In 2020, against the backdrop of the COVID-19 pandemic, a law was passed allowing early voting at all polling stations. For the first time, this system was used in the referendum on amendments to the constitution, which was held on 1 July 2020, but citizens had the opportunity to vote within a week before the main day. This was done for sanitary purposes, to reduce the number of people present at the same time at the polling stations. Later, the period of early voting was reduced to two days before the election day. Such a three-day voting was used for regional elections in September 2020. However, such a decision is not mandatory and can be made by the election commission within ten days after the election is scheduled. If the election Commission has not made such a decision, voting takes place only within one day.

Thailand 
In Thailand, early voting is known as เลือกตั้งล่วงหน้า (advance voting). The Election Commission administers advancing voting. Early voting in the 2011 Thai general election was arranged on a Sunday (June 26, 2011) while prior elections were arranged on both Saturday and Sunday. Around 2.6 million people, including 1.07 million in Bangkok turned up to vote, however, many potential voters were unable to vote because of large crowds.

North America

Canada

In Canada, elections are administered by Elections Canada.

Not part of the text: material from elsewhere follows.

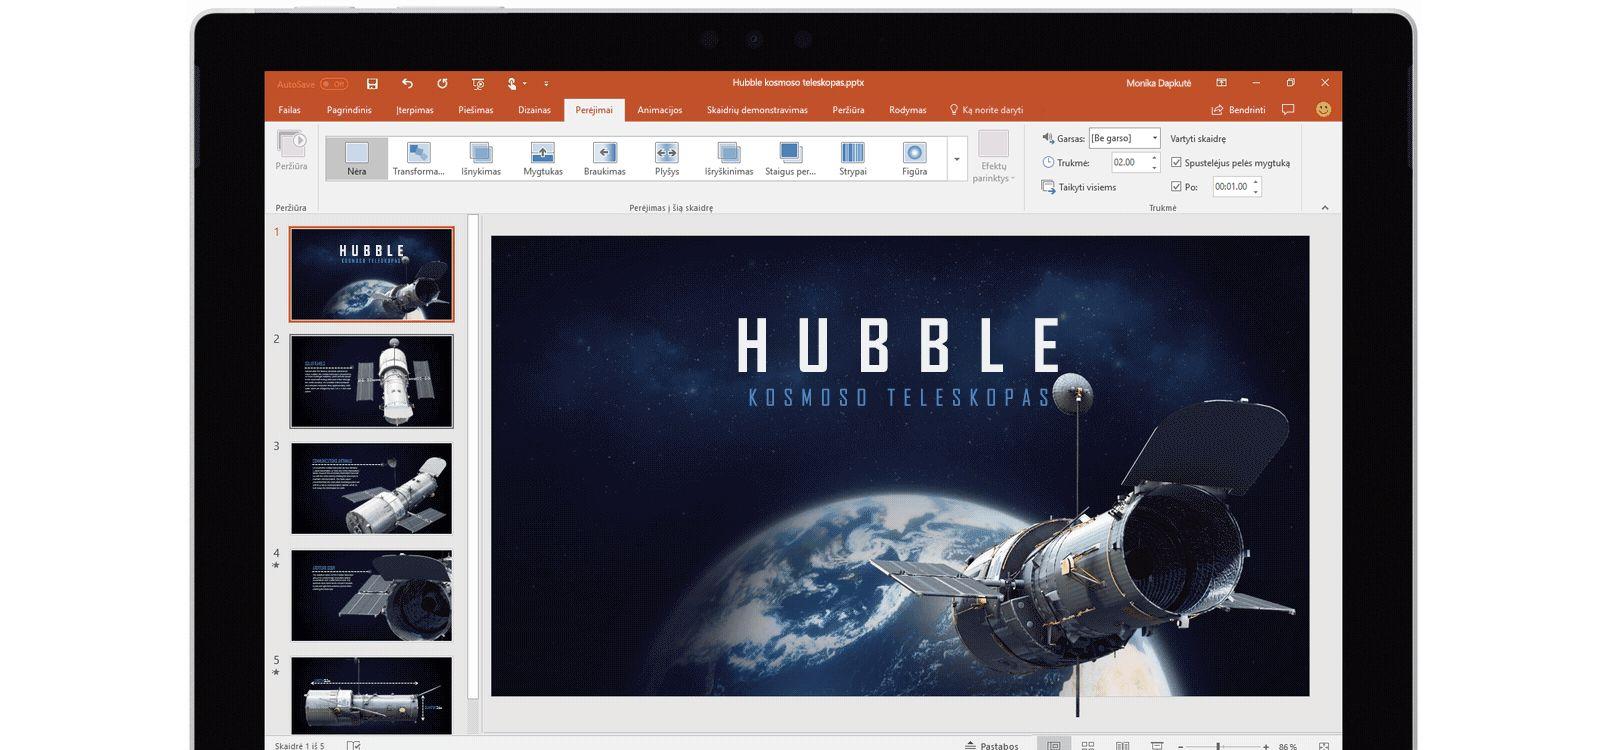 """Planšetinio kompiuterio ekranas, kuriame rodoma transformacija, naudojama """"PowerPoint"""" pateiktyje apie teleskopus"""

Early in-person voting is called advance polls, which are held on the 10th, 9th, 8th and 7th days before election day at designated advance-poll stations. Canadian voters may locate the date, hours, and address of their advance-poll station at the Elections Canada website, on their voter information card, or by telephoning Elections Canada. About 4.9 million Canadians cast advance votes in the 2019 election, and almost 5.8 million Canadians cast ballots during the four advance-poll dates of the 2021 election, setting a record.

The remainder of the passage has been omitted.